Her denunciation of the "system" and the elected leaders, the national preference (or priority) that she wants to impose, the stigmatization of immigration and of Islam, the condemnation of the European Union and of "globalism" make it a reactionary party. A party opposed to the republican principles of equality, fraternity and liberty - in this case freedom of the press - when Mme Le Pen assumes she can dictate language and analyses to everyone.
Note: Is Marine Le Pen right to attempt this legal action against the media? Would she achieve a better result by trying to explain that what is called "extreme right" today was simply called "patriotism" at one time? Suing journalists is like suing lawyers. It's almost impossible to win, unless you can provide some kind of tangible proof that the journalist committed an intentional unethical action, as in the al-Durrah case. (But even here the final verdict in 2013 went against Philippe Karsenty who had accused France 2 of unethical conduct). Le Monde's assertion that a desire for national preference proves the FN is a party of the "extreme right" is a blatant example of the media's hatred of the basic human need for a national home in which one culture dominates, no matter how many minorities live side by side.
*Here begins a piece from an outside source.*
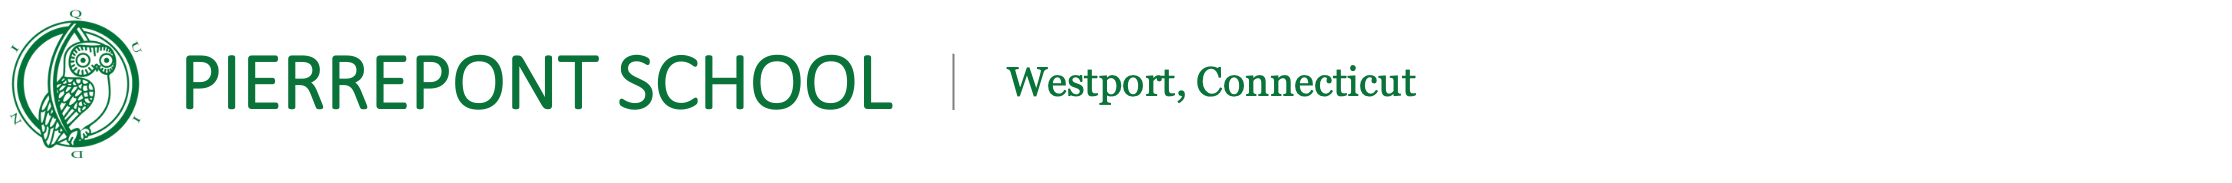 Pierrepont School | Westport, Connecticut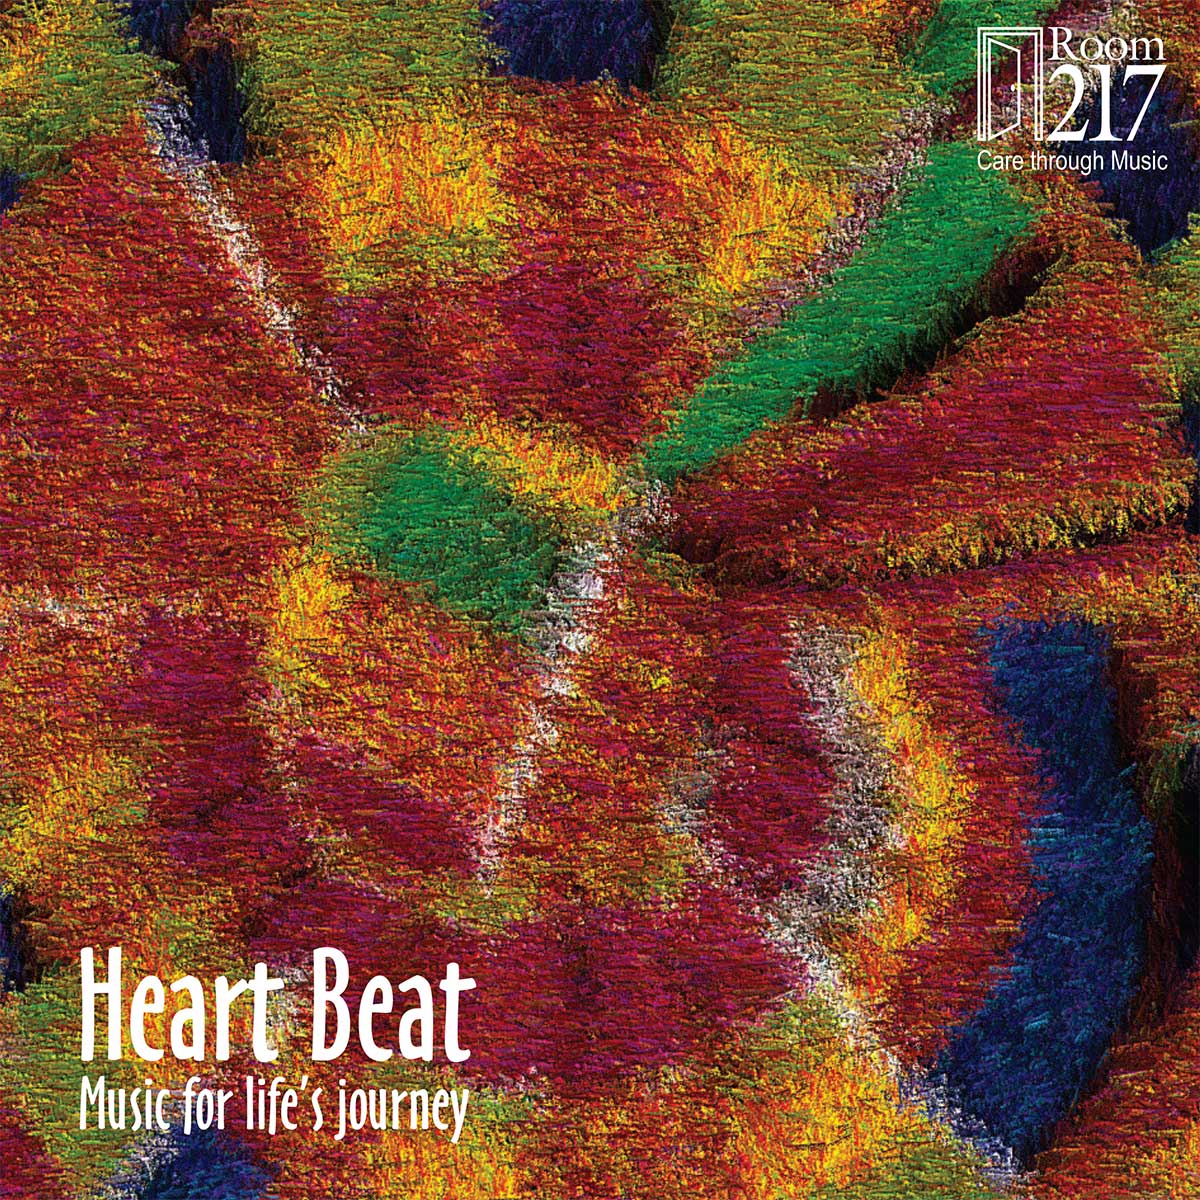 Room 217 – Heart Beat - Album art

Any nation worthy of the name has to follow a policy of national preference just as any father must defend his family. For Le Monde nationalism is an evil, opposition to globalism is an evil, opposition to uncontrollable immigration is an evil, and we can assume that any father who defends his family is evil. Le Monde's case against Marine Le Pen is based on the totalitarian powers of the media, not on any desire to clarify the meaning of words like "left" and "right" that are so overused and yet still succeed in arousing violent emotions. And what does Le Monde have to say about the extreme left and its heritage of sixty million (minimum) people killed because they dissented?
I think Marine would do better to take her case to the people, hammer it home, and avoid the French courts which, she surely knows, will render a guilty verdict without wasting energy on a trial. She has to explain in what way the party is right-wing and why that is not necessarily a bad thing. She has to show how Hitlerian racist policies differ radically from a policy of immigration restriction. And she should describe to her constituents how the media have instilled into vulnerable minds the notion that nationalism is equivalent to nazism.